1. Configure the topology as per the diagram.
2. configure trunk Dot1q as per the topology
3. configure VTP domain name will be internetworks
4. configure version 3
5. configure password ccie123
6. Hide the password
7. configure LAYER-3-switch-1 primary server VLAN
8. Configure VLAN 10,20,30,40,50,60,70,80 and 90 on LAYER-3-switch-1 and make sure the rest of the domain switches synchronize this data.
9. configure the extended range of VLAN 2000,2001 on LAYER-3-switch-1 and make sure the rest of the domain switches synchronize this data.
10. configure MSTP on LAYER-3-switch-2 and make sure the rest of the switches synchronize this information.  

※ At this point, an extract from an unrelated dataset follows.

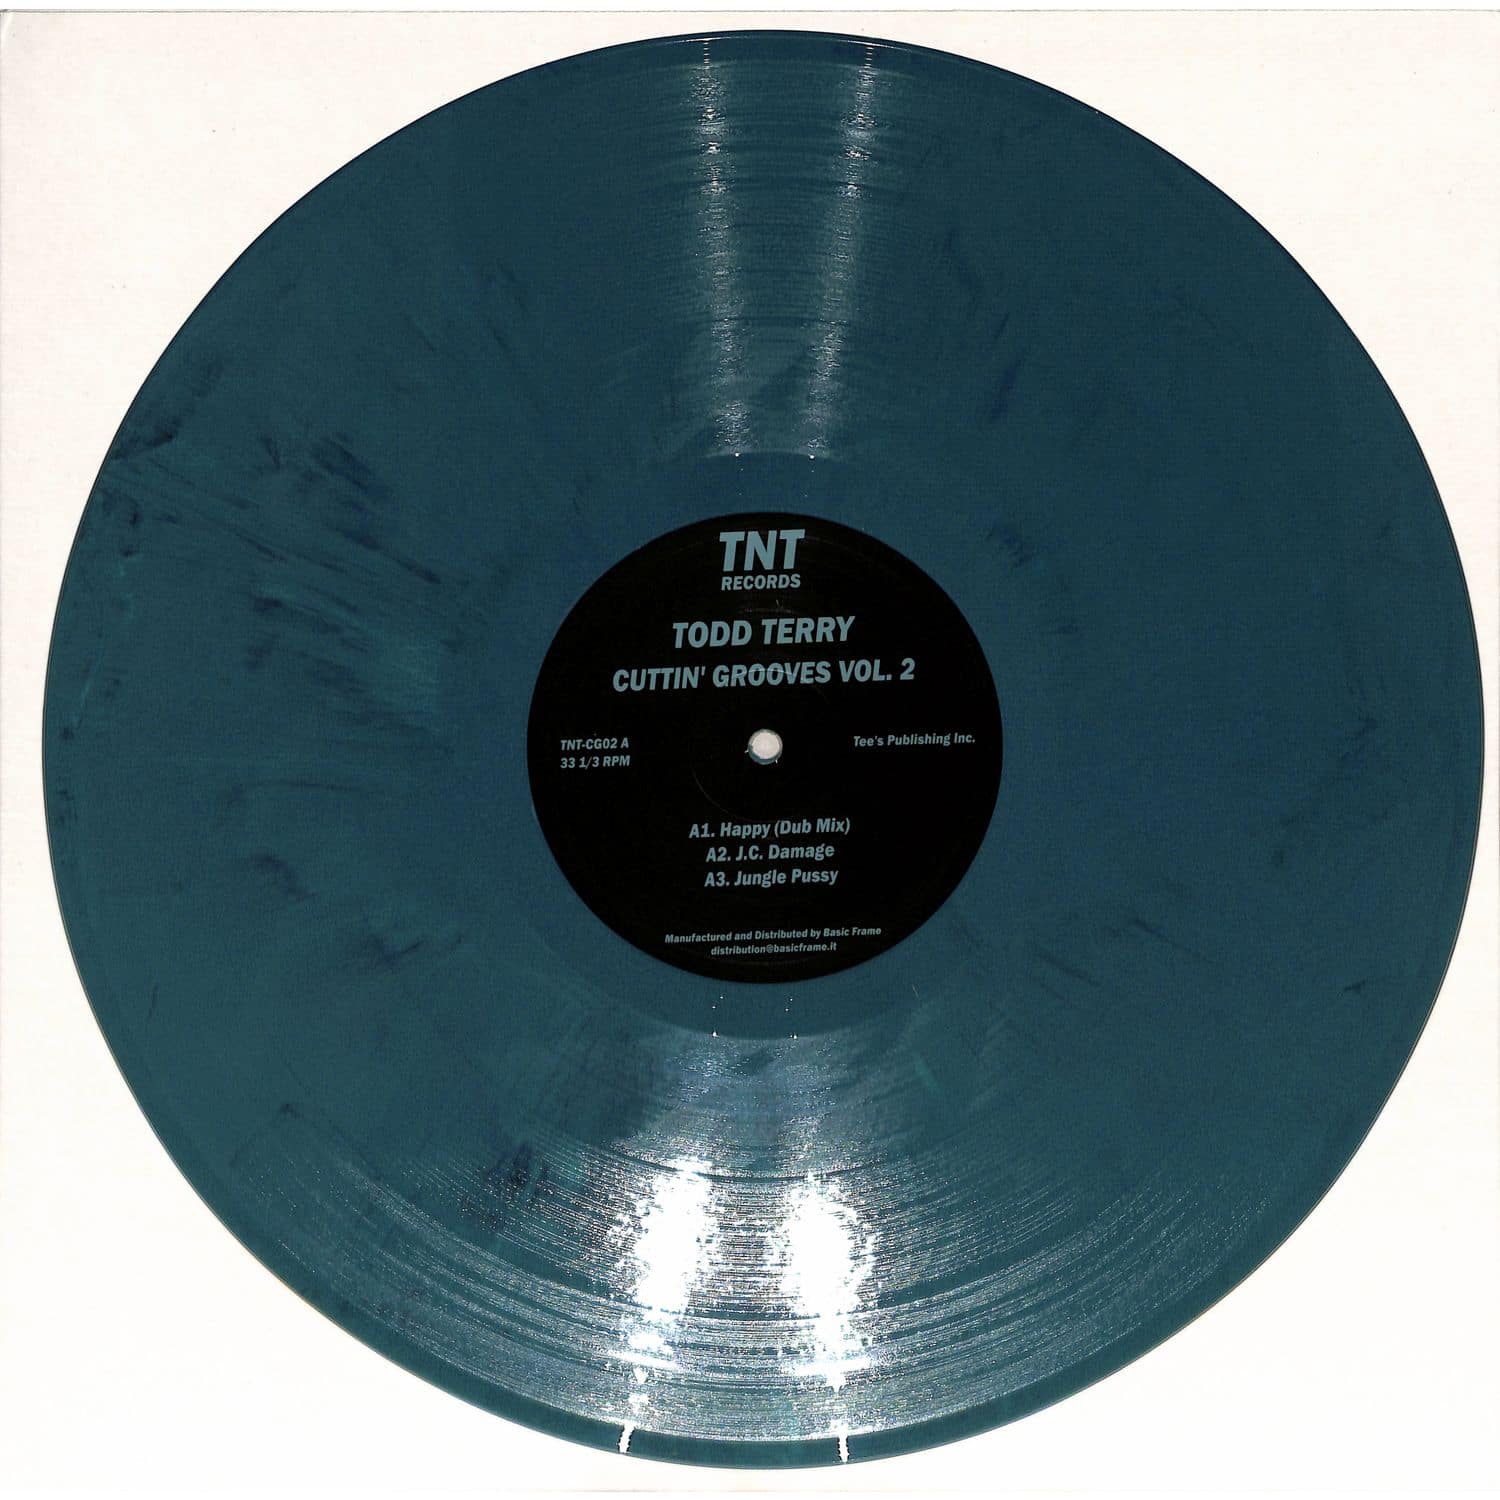 Todd Terry - CUTTIN GROOVES VOL. 2

What is VLAN Access List? How to configure VACL?

 

VLAN Access List

VLAN ACL Is very useful when we want to filter traffic within the VLAN. When we configure VACL on the switch, all the packets entering the VLAN are checked against the VLAN access list. In VACL you cannot define the direction like router ACL. A VACL can either drop a matching packet, forward it, or redirect it to another interface. Notice that the VACL is applied globally to one or more VLANs listed and not to a VLAN interface switch virtual interface (SVI).

How to proceed

• 1.      Configure ACL standard or extended as per your requirement for VACL.
• 2.      Configure a VLAN access map for matching the IP hosts
• 3.      Configure the action forward or drop
• 4.      Apply the VACL map to the VLAN.
• 5.      Verify the VACL map information.

 https://youtube.com/@internetworkss

 Topology: -

• configure IP addresses on PCs as per the topology
• configure the default gateway as per the topology
• configure inter-VLAN- routing SVI
• configure IP address 10.1.1.1 on VLAN 10
• configure IP address 20.1.1.1 on VLAN 20
• at this point make sure all four PCs can ping each other 
• configure ACL 10 
• configure VACL make sure PC1 cannot communicate with any VLAN 20 PC

What is Private VLAN? How to configure Private VLAN? #PVLAN

 By default, our traffic is allowed to move unrestricted within a VLAN. One host sends packets to another host and it's heard only by the destination host this is the beauty of layer 2 switching. However, if one host sends the broadcast packet, all the remaining hosts on that VLAN listen to that broadcast and reply as per the broadcast. We can solve this if the host is connected to a local switch with VACL or configured with more VLAN but it would be nice to have the capability to segment traffic within a single VLAN, without having to use multiple VLANs. The solution is Private VLAN.

Let’s understand private VLAN with an example.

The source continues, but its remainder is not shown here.